The first layer of hardware security is the establishment of a Root of Trust. The Root of Trust (RoT) is a hardware-validated boot process that ensures the first executable opcode starts from an immutable source. This is the anchor of the boot process that subsequently plays a role in bootstrapping the rest of the system from BIOS to the operating system to the application. A RoT is a baseline defense against a rootkit. 

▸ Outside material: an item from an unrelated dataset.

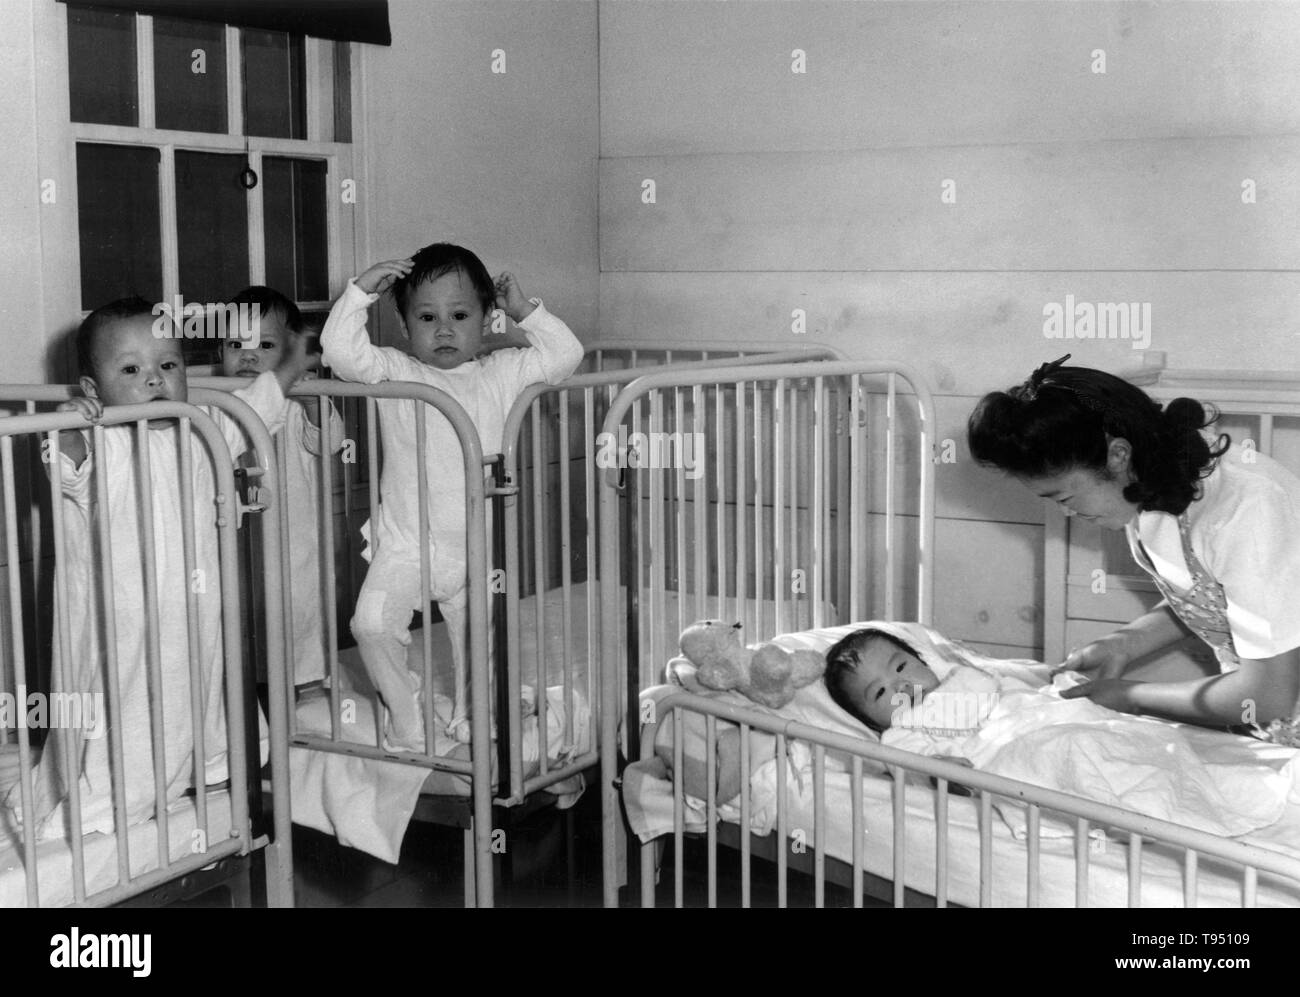 Entitled: 'Nursery, orphan infants, Manzanar Relocation Center, California.' The internment of Japanese-Americans during WWII was the forced relocation and incarceration in camps of 110,000-120,000 people of Japanese ancestry (62% of the internees were US citizens) ordered by President Roosevelt shortly after Japan's attack on Pearl Harbor. Japanese-Americans were incarcerated based on local population concentrations and regional politics. Stock Photo
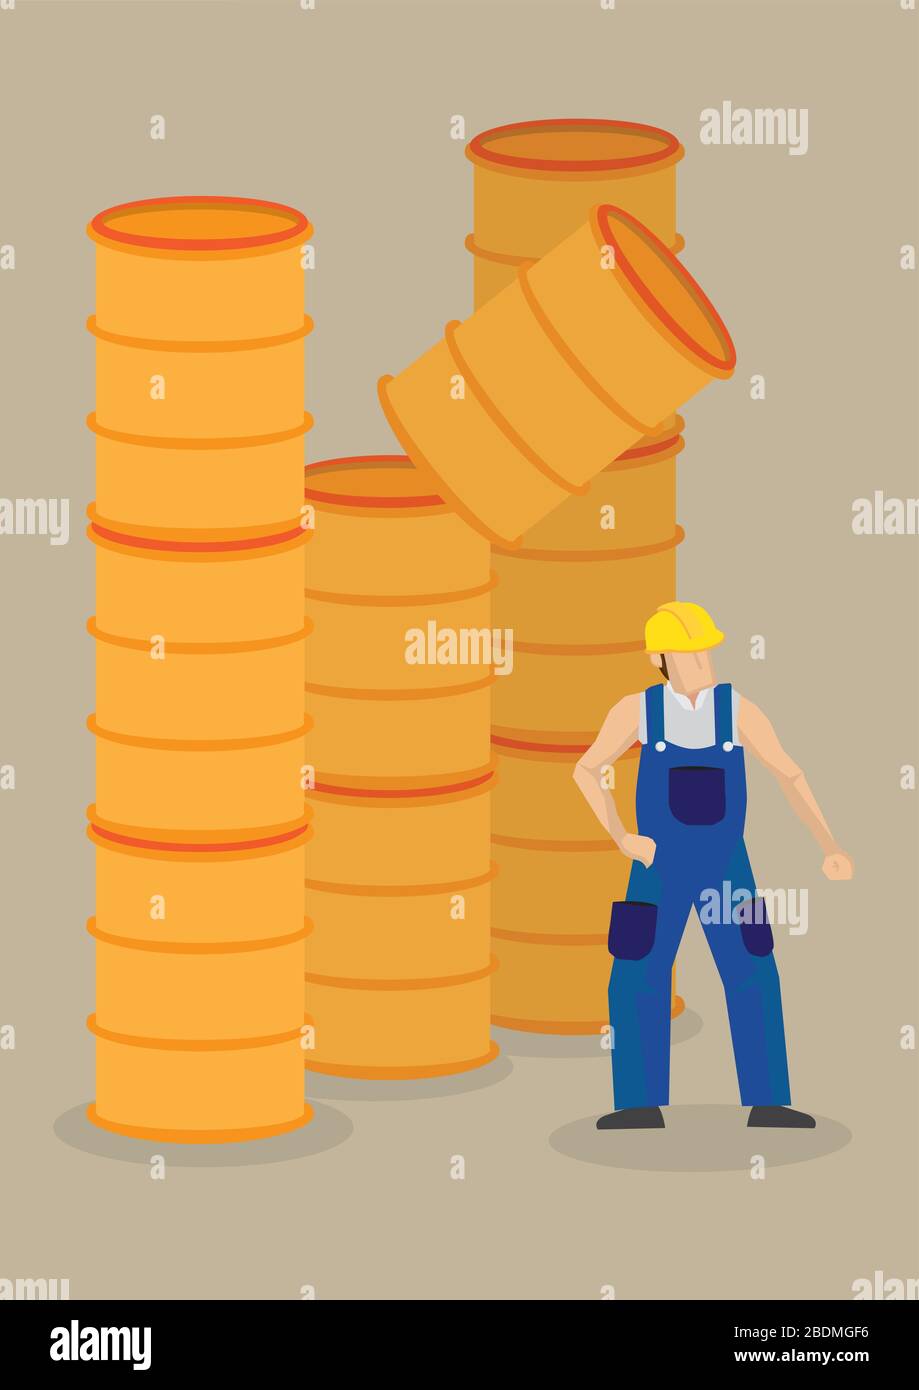 Worker under a falling barrel. Vector cartoon illustration on falling objects hazards and workplace accident concept isolated on plain background. Stock Vector

Each phase validates the next phase in the boot process and builds a Chain of Trust. An RoT can have different starting methods such as:

• Boot from ROM or a non-writable memory to store the image and root key
• One-time programmable memory using fuse bits for root key storage
• Boot from a protected memory region that loads code into a protected memory store

An RoT also needs to validate each new phase of boot. Each phase of boot maintains a set of cryptographically signed keys that are used to verify the next phase of boot:

Processors that support an RoT are architecturally unique. Intel and ARM support the following:

• ARM TrustZone: ARM sells a security silicon IP block for SOC manufacturers that provides a hardware Root of Trust as well as other security services. TrustZone divides hardware into secure and non-secure "worlds". TrustZone is a separated microprocessor from the non-secure core. IT runs a Trusted OS specially designed for security that has a well-defined interface to the non-secure world. Protected assets and functions reside in the trusted core and should be lightweight by design. The switching between worlds is done through hardware context switching, eliminating the need for secure monitor software. Other uses for TrustZone are to manage system keys, credit card transactions, and Digital Rights Management. TrustZone is available for A "application" and M "microcontroller" CPUs. This form of secure CPU, Trusted OS, and RoT is called a Trusted Execution Environment (TEE). 
• Intel Boot Guard: This is a hardware-based mechanism that provides a verified boot which cryptographically verifies the initial boot block or uses a measuring process for validation. Boot Guard requires a manufacture to generate a 2048-bit key for verifying the initial block. The key is split into a private and public portion. The public key is imprinted by programmatically "blowing" fuse-bits during manufacturing. These are one-time fuses and immutable. The private portion generates the signature of the subsequently verified portion of the boot phase.